(Beginning of COLLECTED MATERIAL)
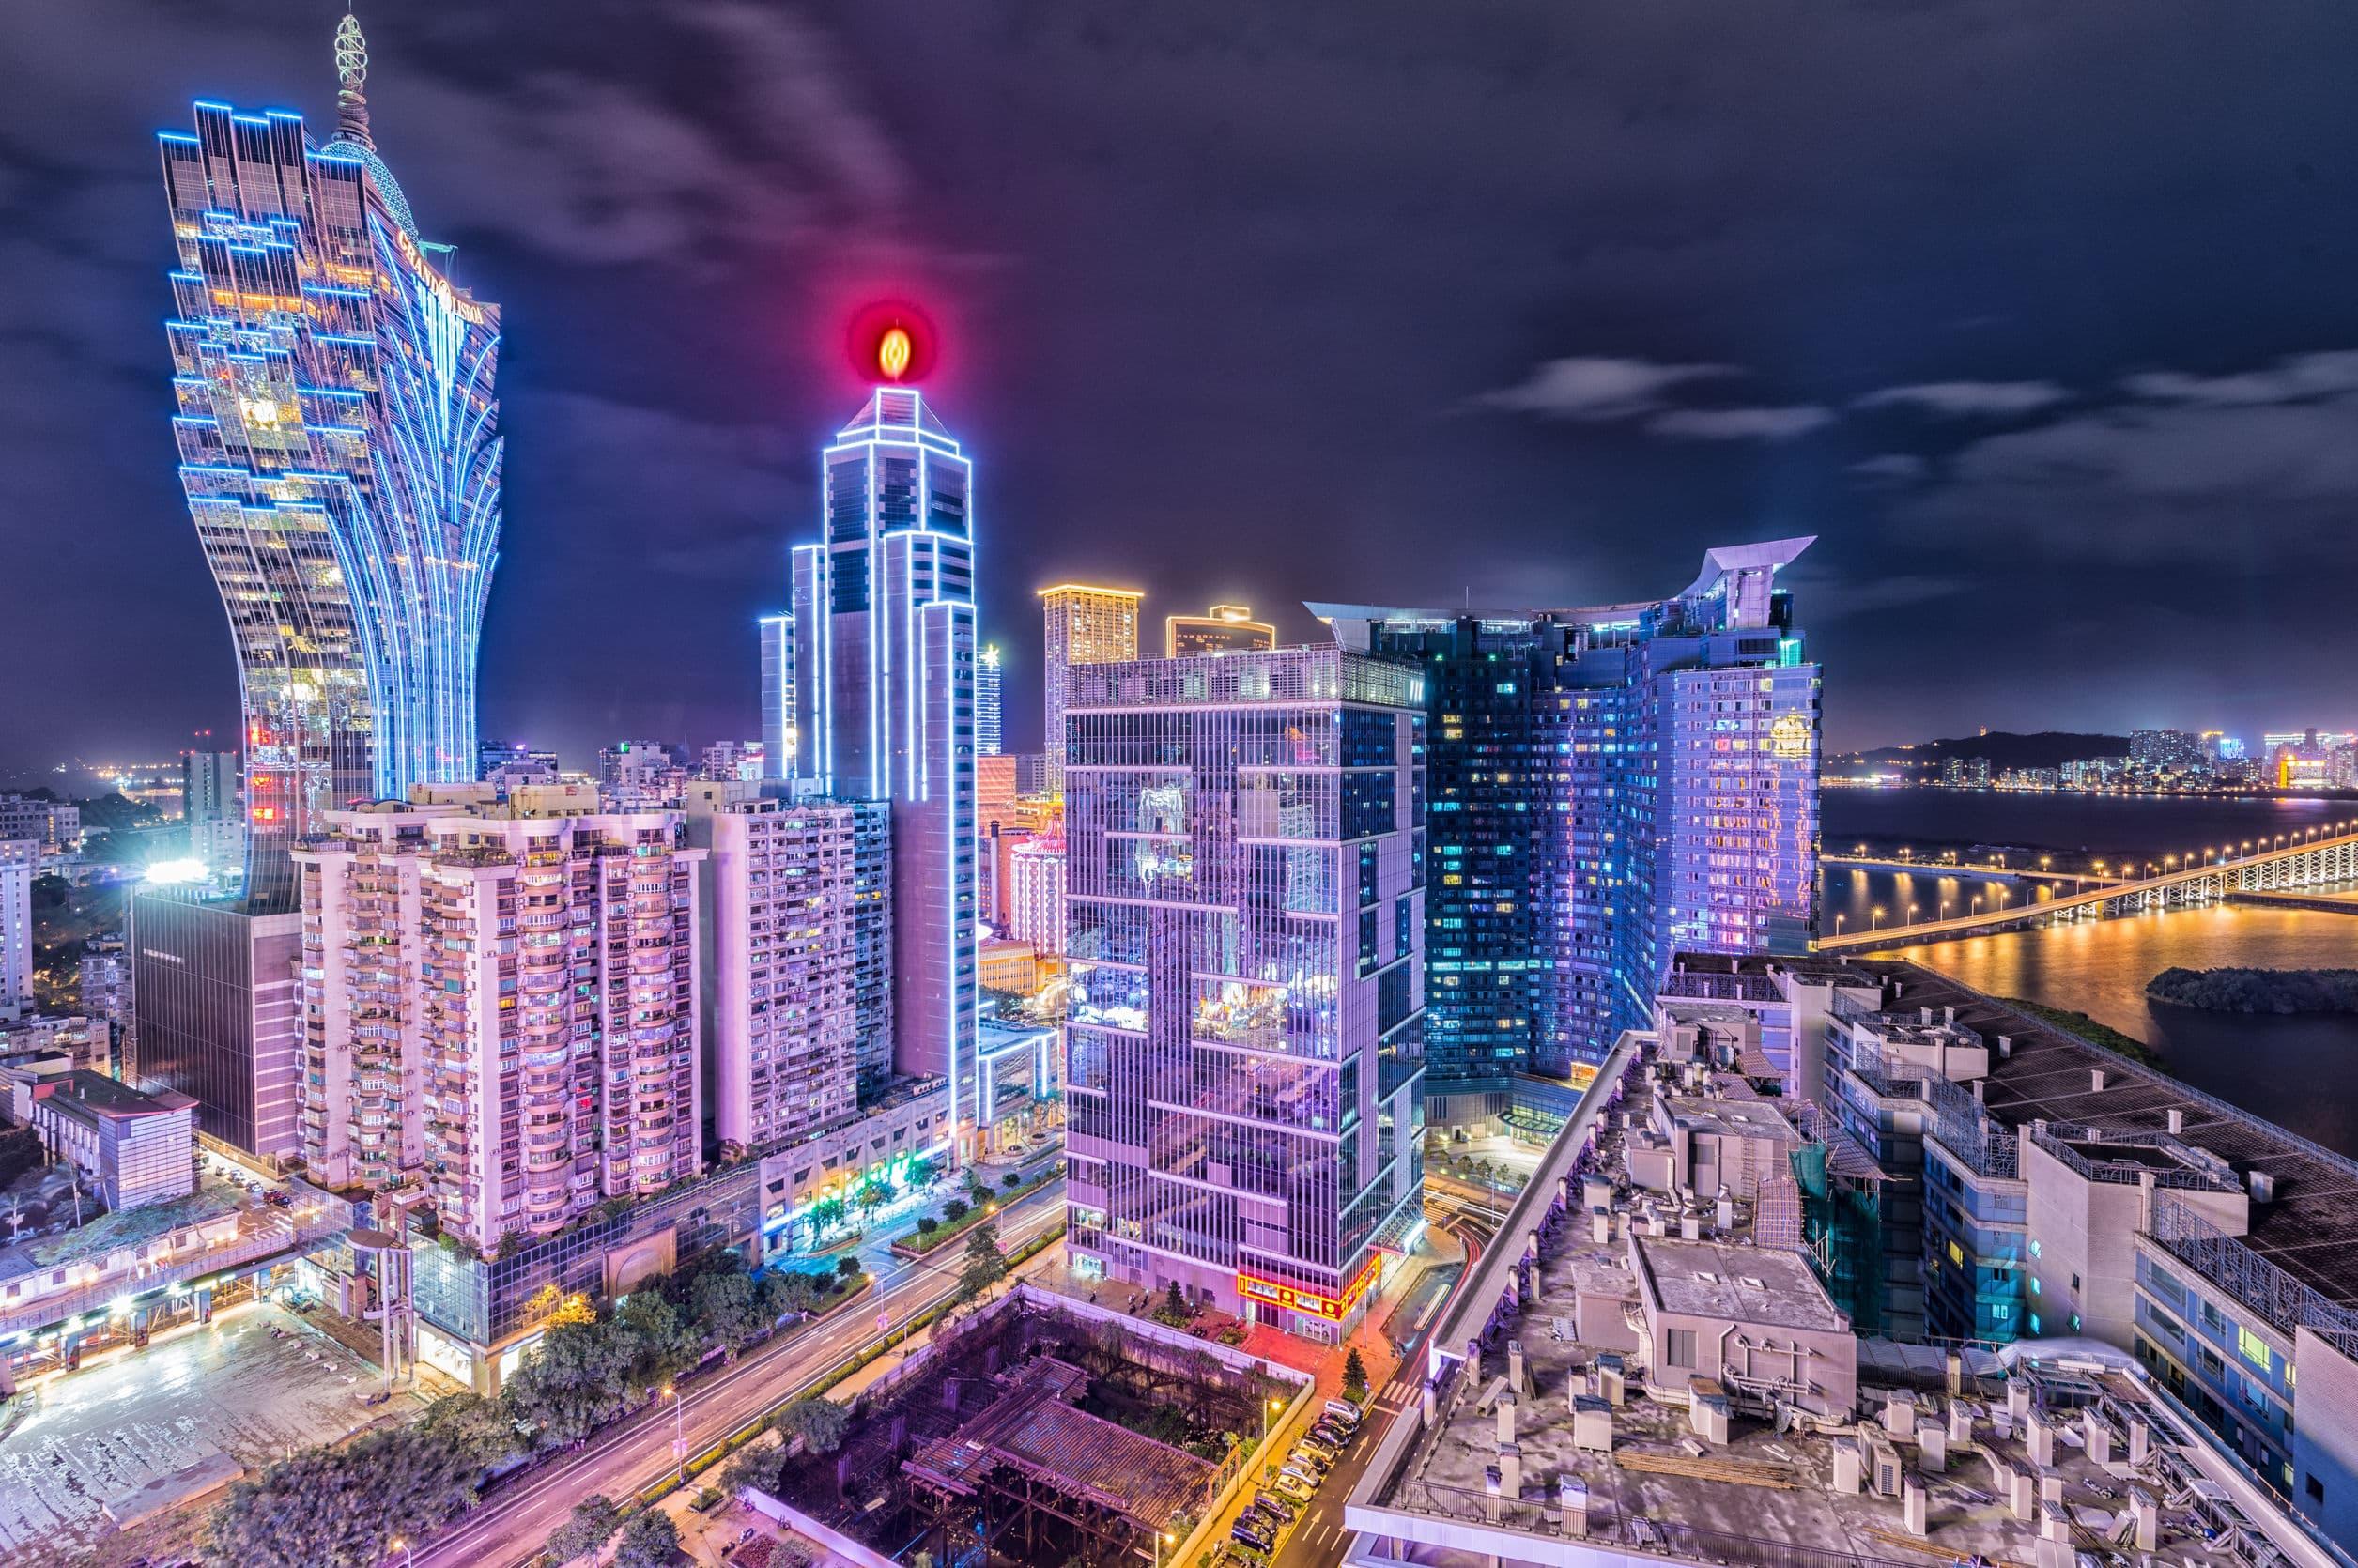 Macau night skyline
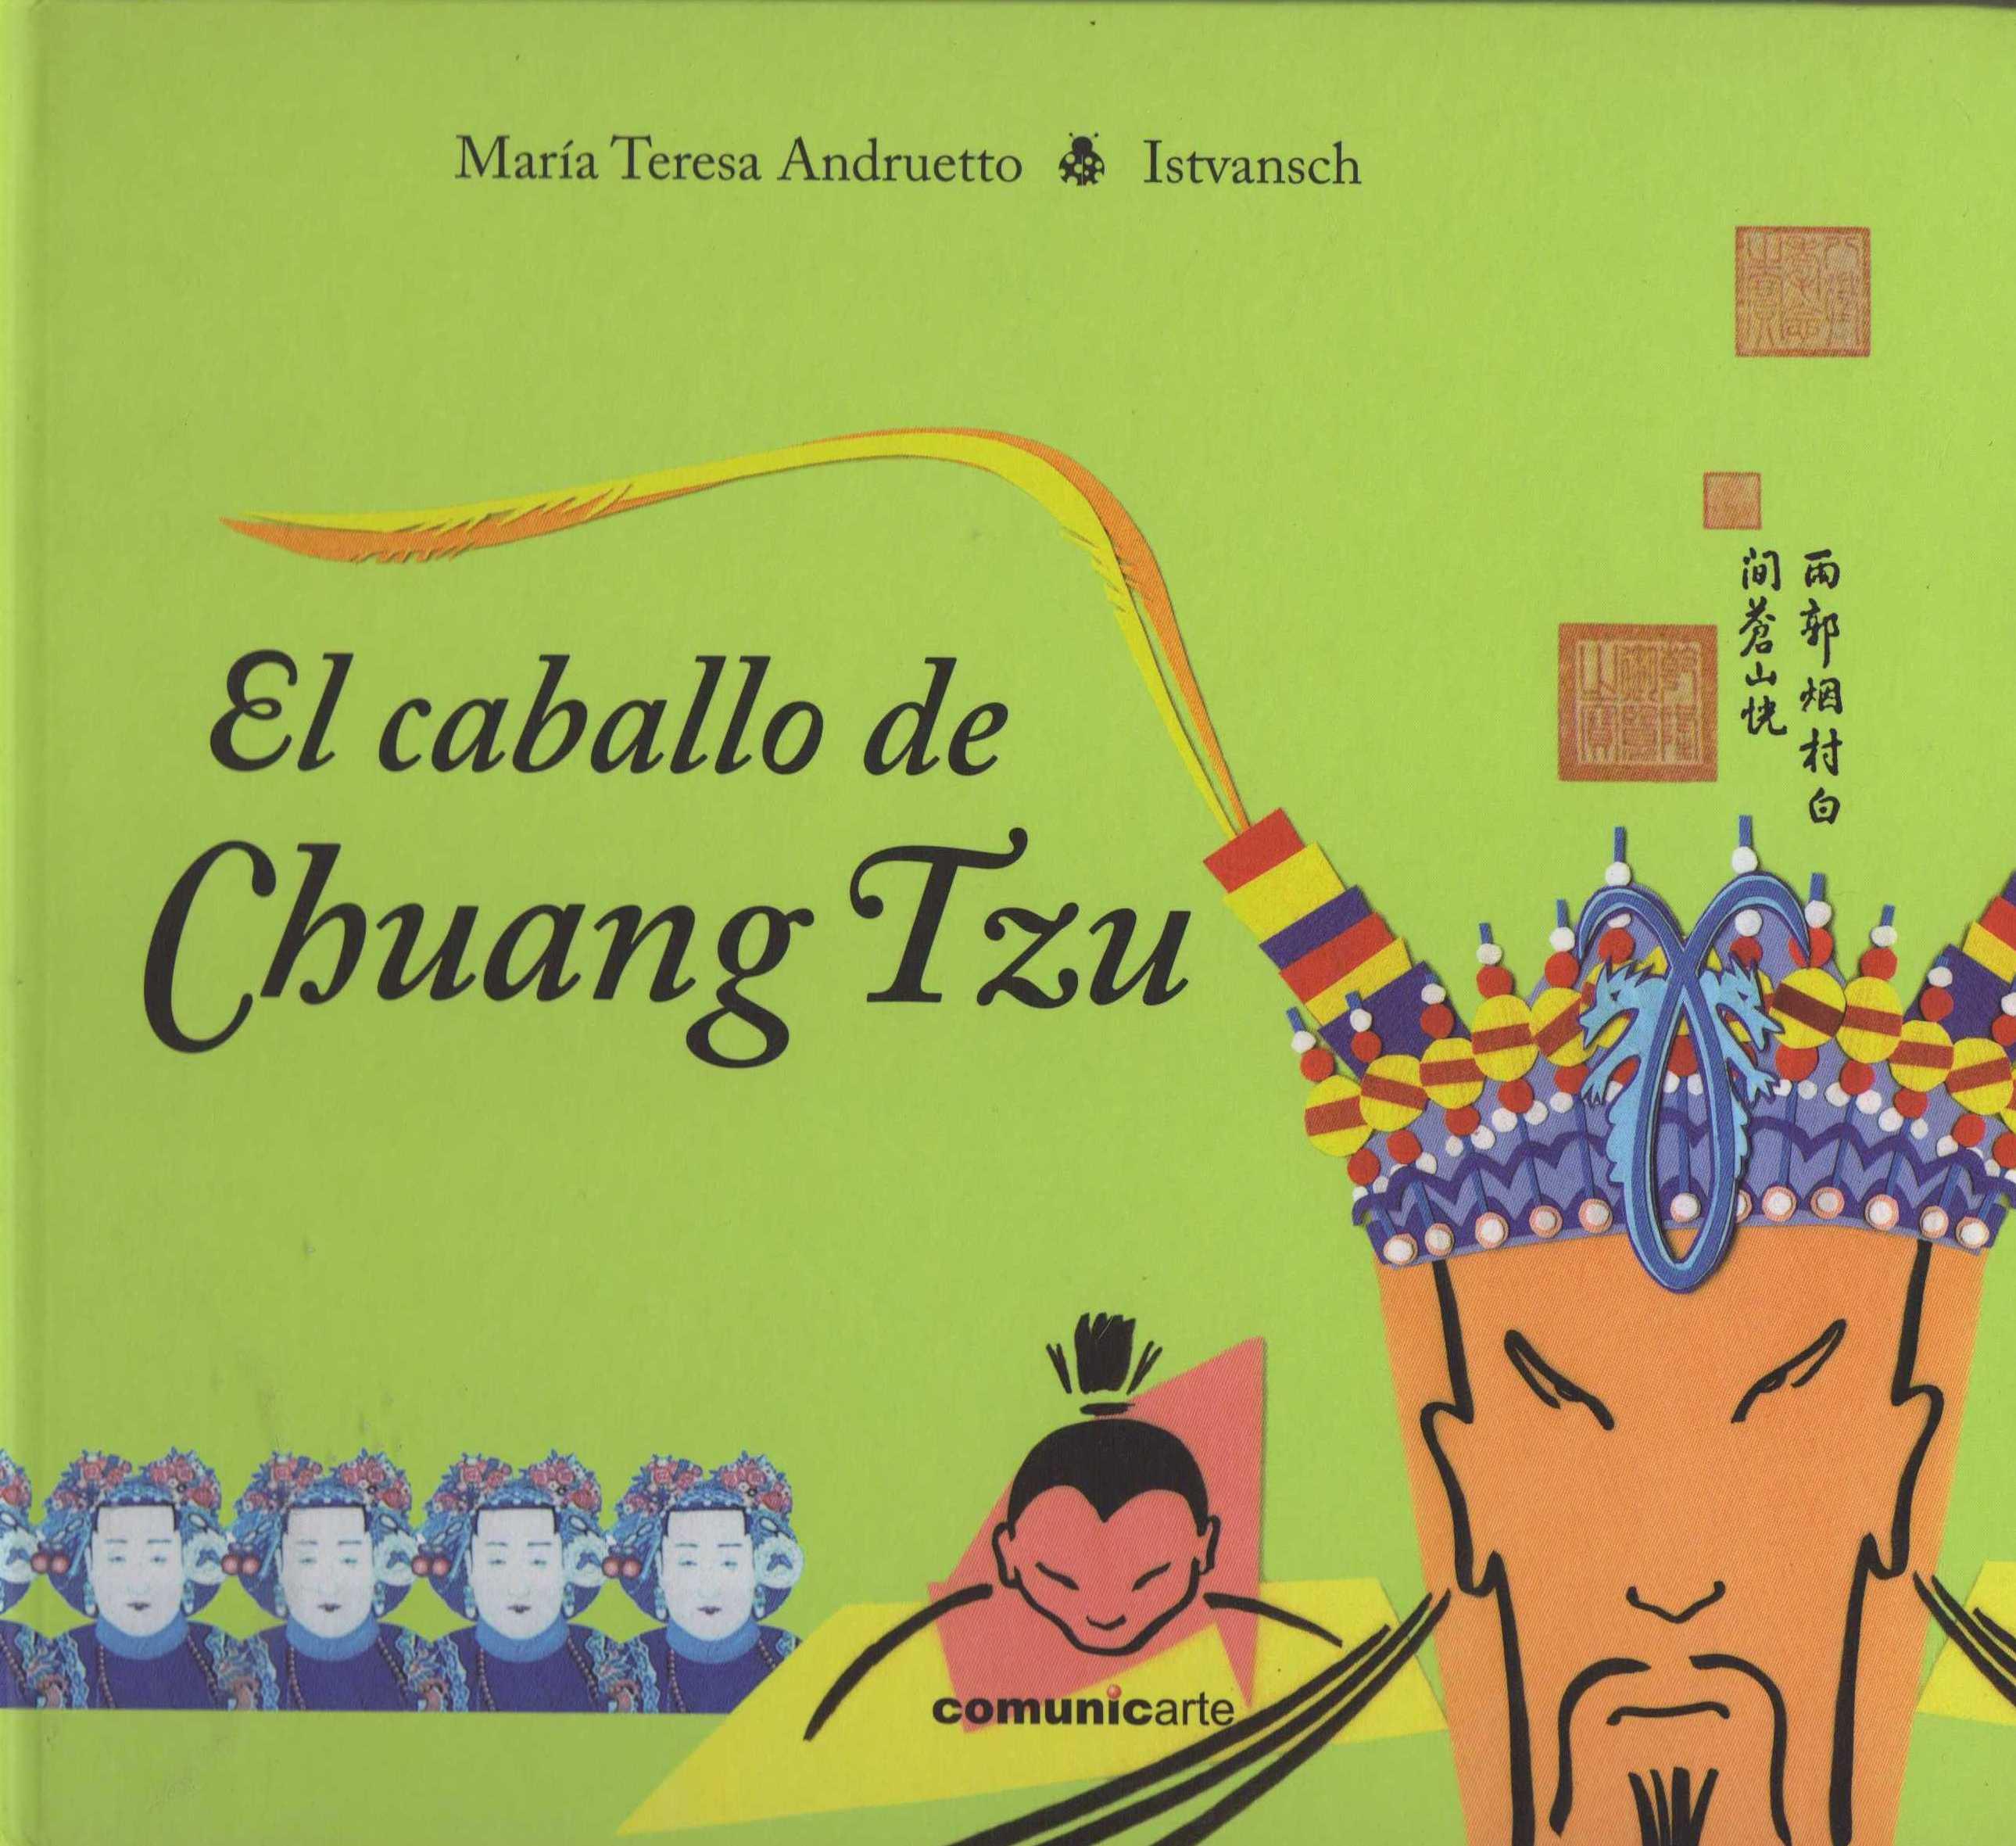 Chuang Tzu's horse (El Caballo de Chuang Tzu)
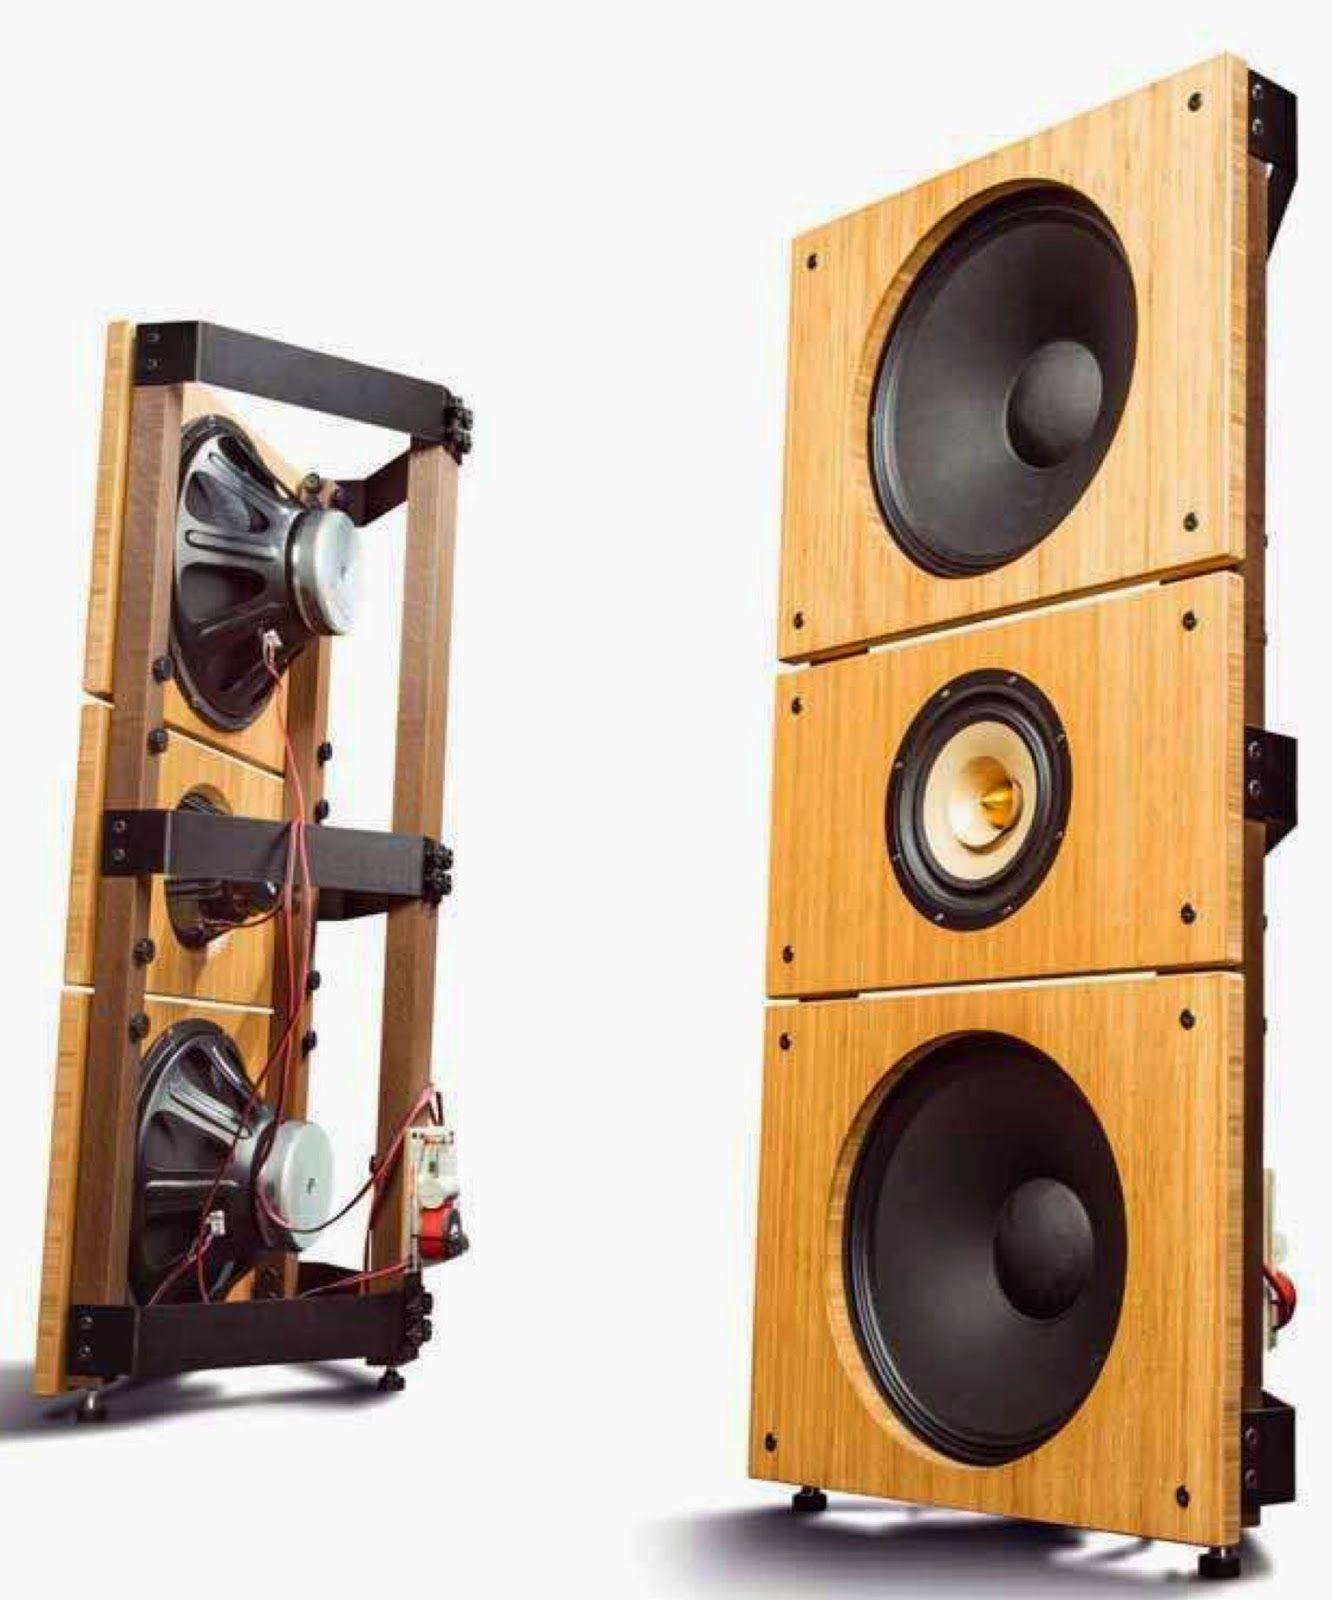 Lautsprecher Diy  Röhrenverstärker Röhren Hochwirkungsgradlautsprecher
(End of COLLECTED MATERIAL)
» **WHAT IS NEEDED**: Here the requirement is to restate exactly the line holding "Chuang Tzu's horse" and every later line through the end of the material, omitting pictures.

» **COMPLETED TASK**:
 Chuang Tzu's horse (El Caballo de Chuang Tzu)
 Lautsprecher Diy  Röhrenverstärker Röhren Hochwirkungsgradlautsprecher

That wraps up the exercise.